Work order: Exactly as written, retype the listing below, omitting the pictures.

Supplied information:
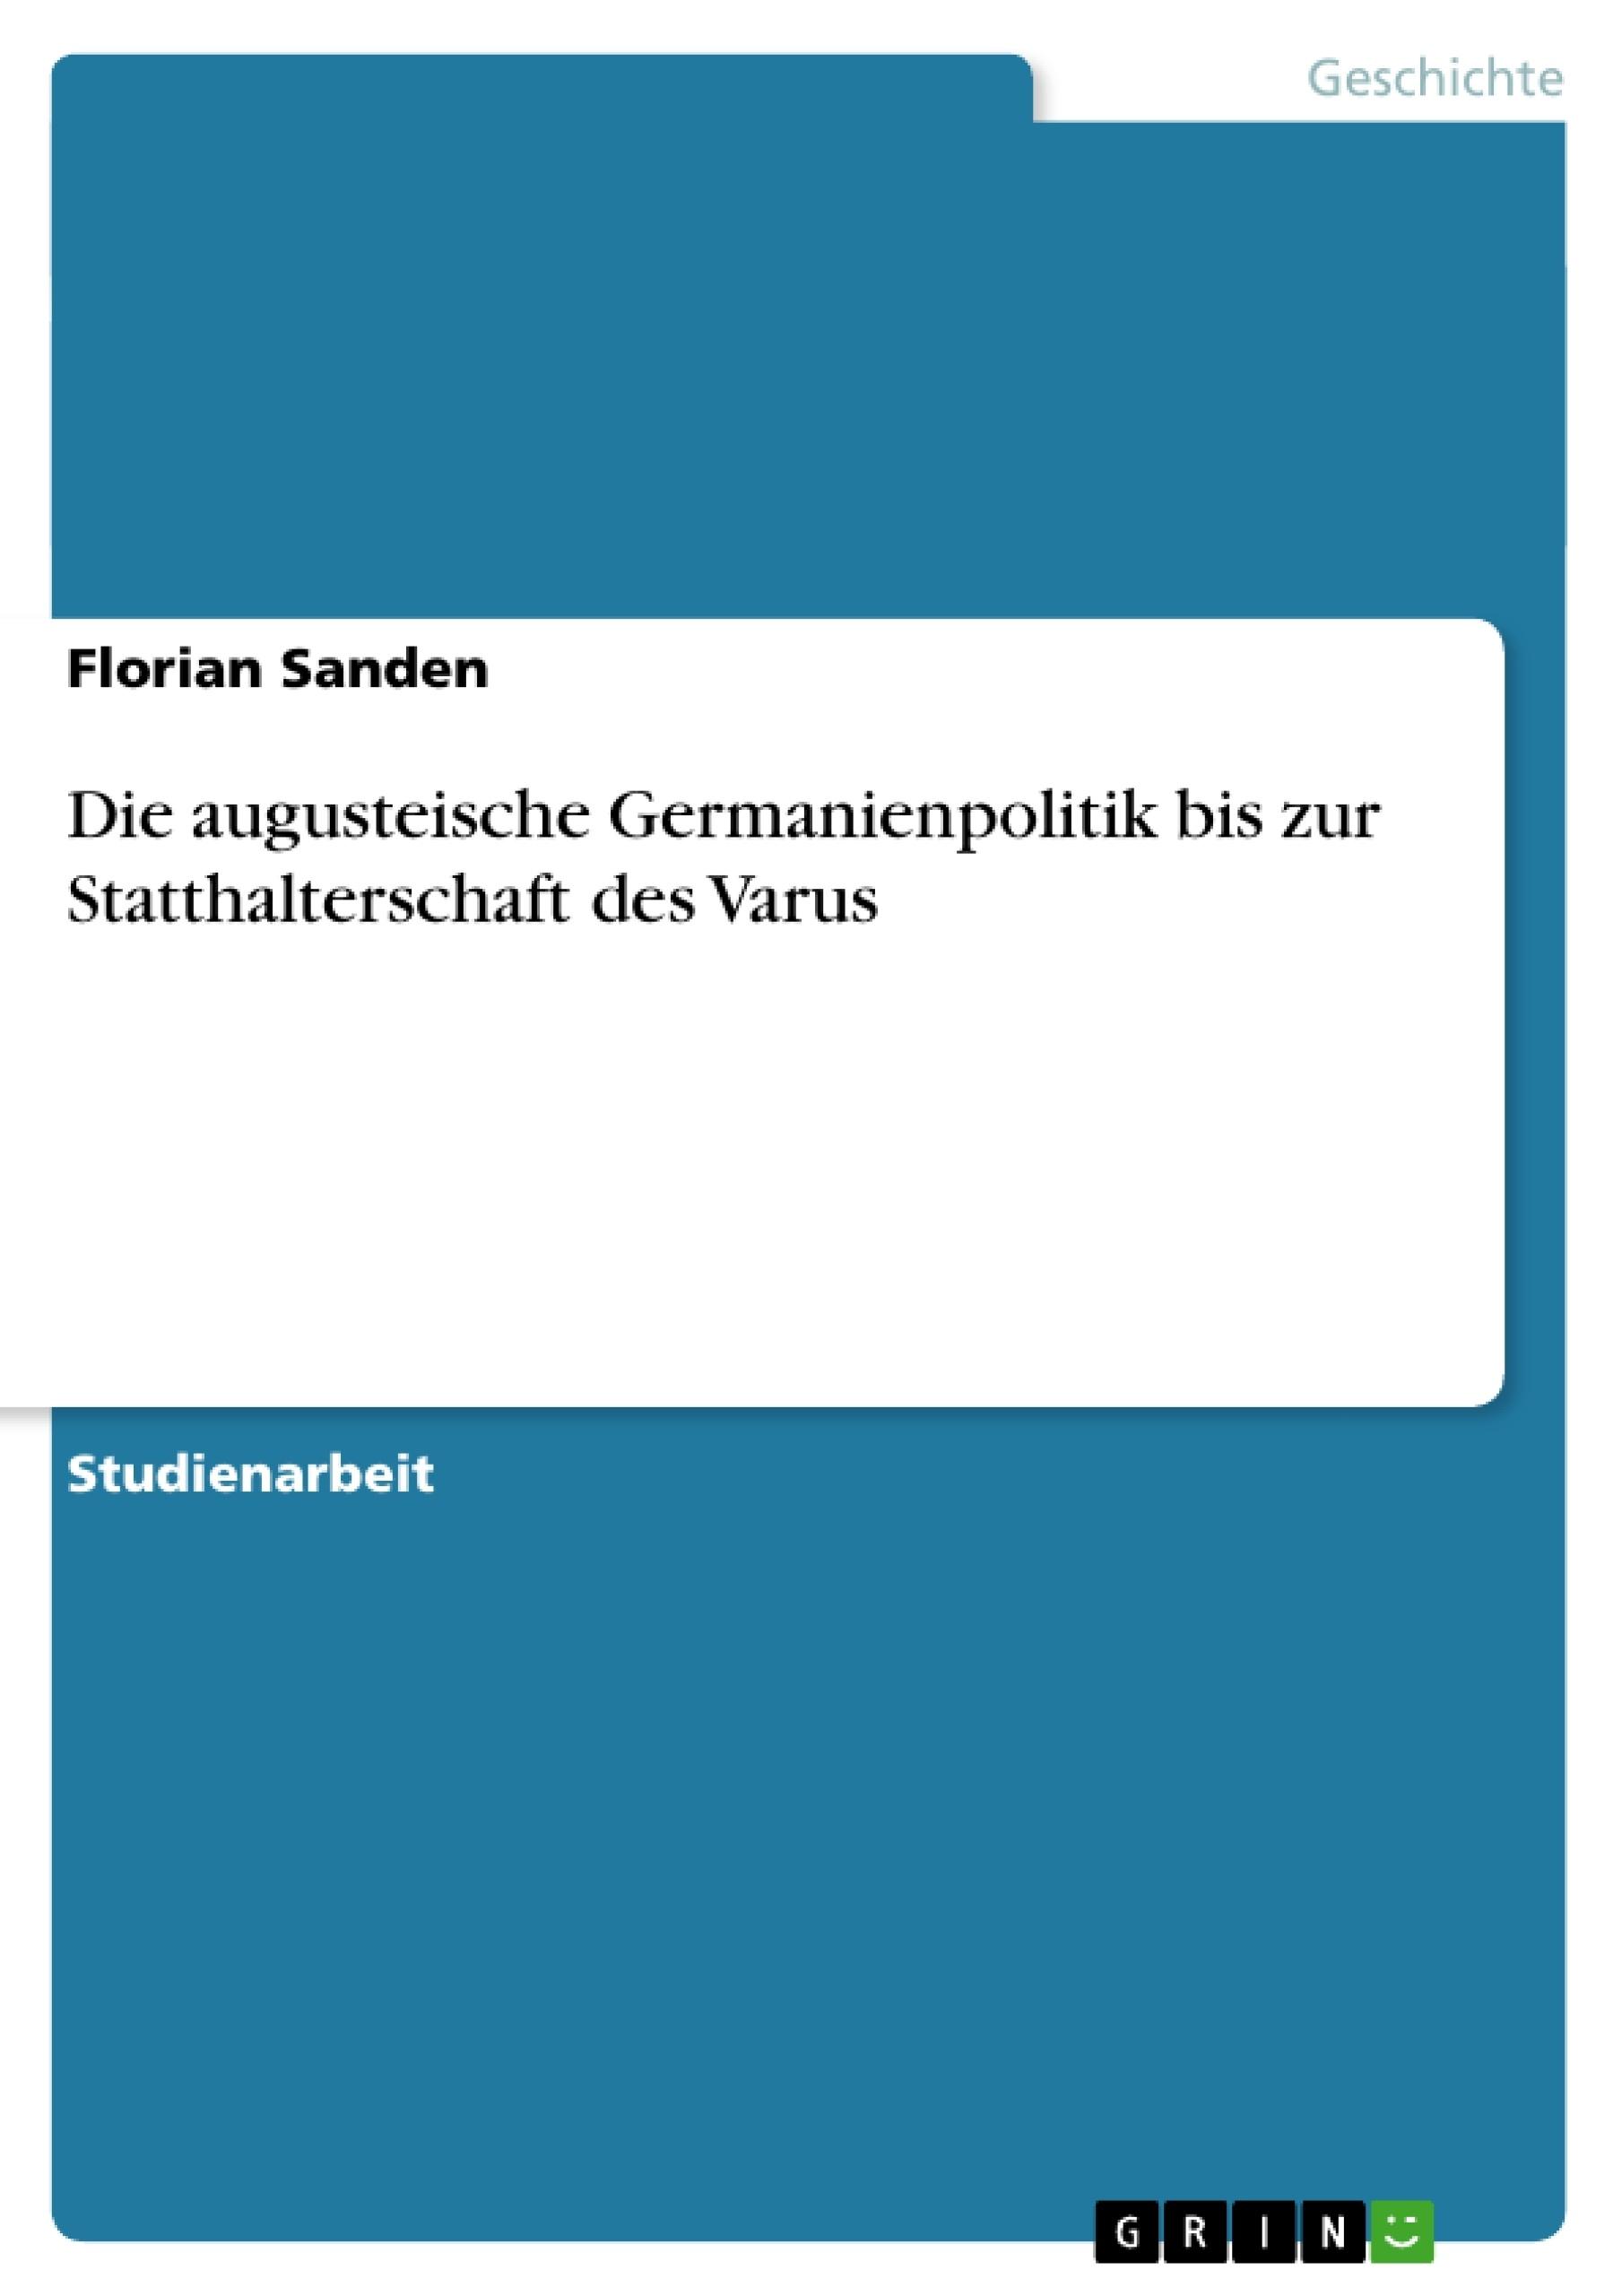 Titel: Die augusteische Germanienpolitik bis zur Statthalterschaft des Varus
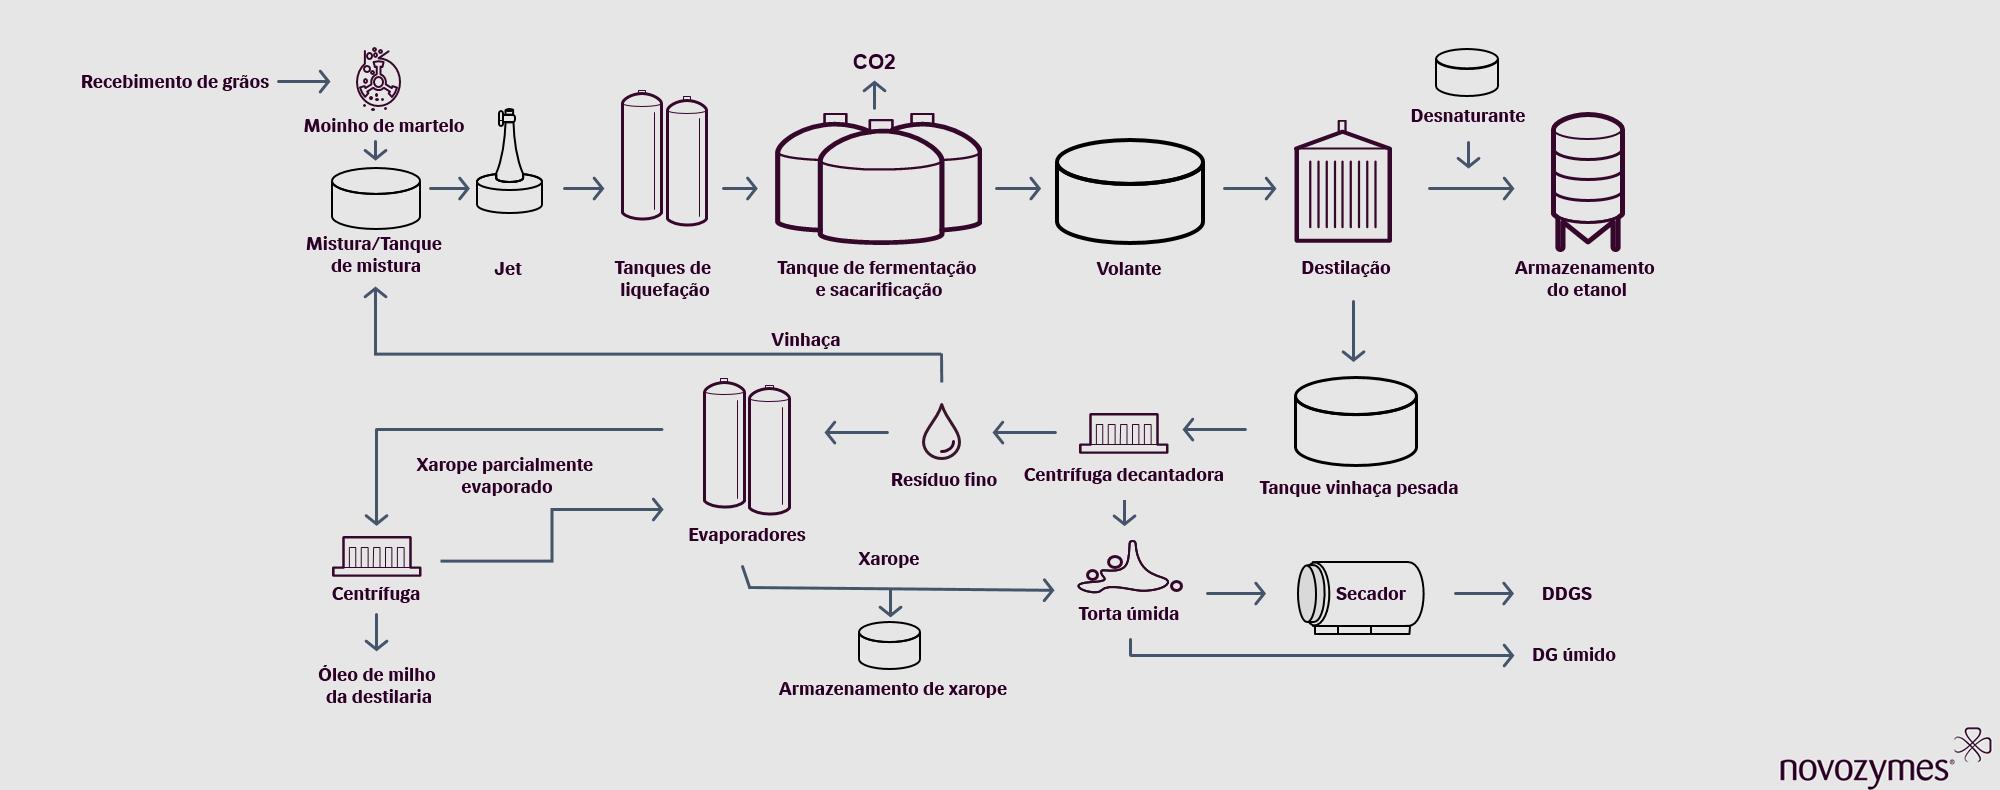 Fluxo do processo de etanol
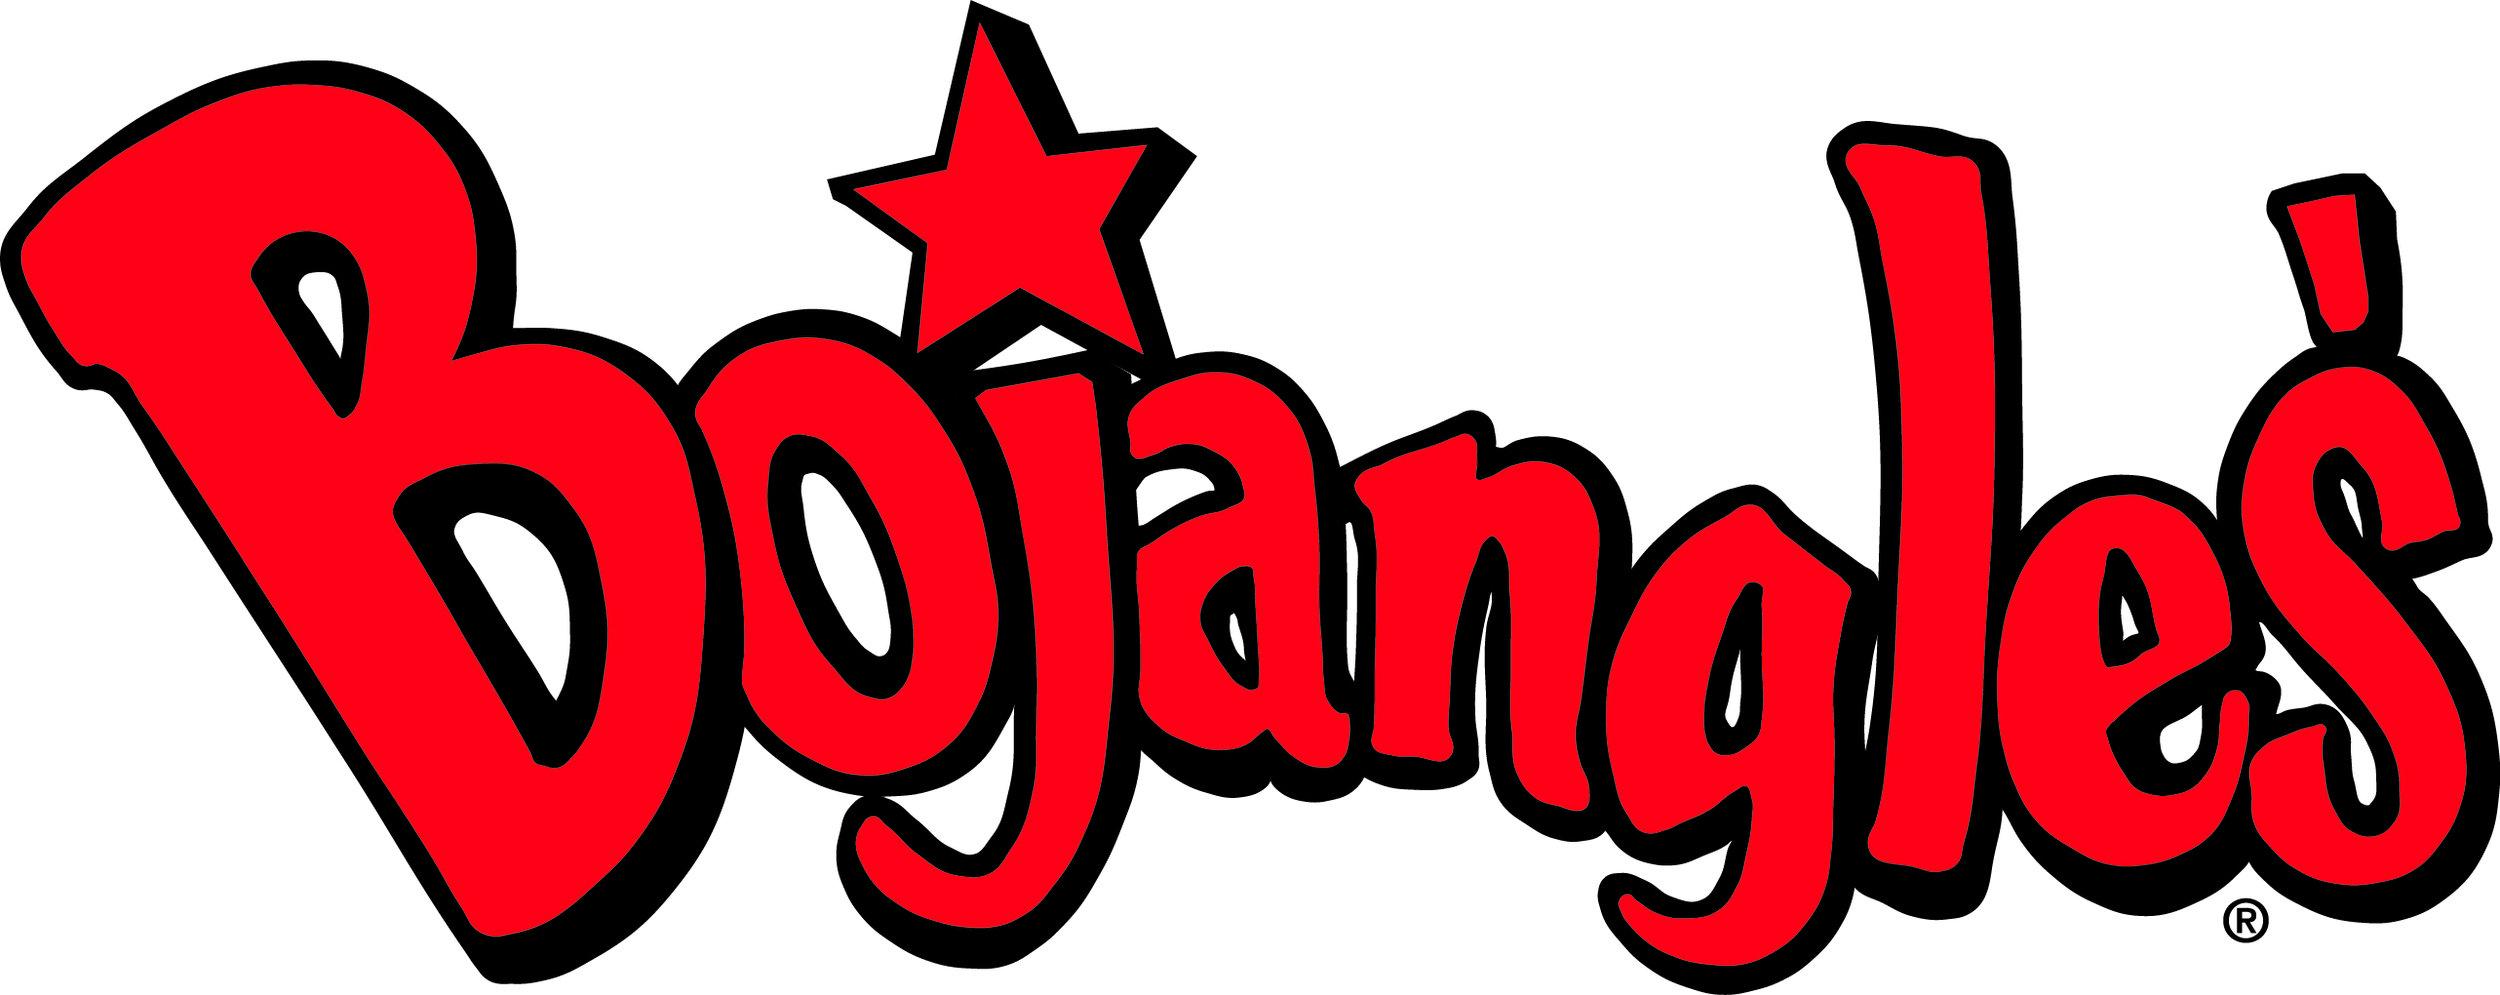 Bojangles-logo_1654349.jpg

Answer to this problem:
 Titel: Die augusteische Germanienpolitik bis zur Statthalterschaft des Varus
 Fluxo do processo de etanol
 Bojangles-logo_1654349.jpg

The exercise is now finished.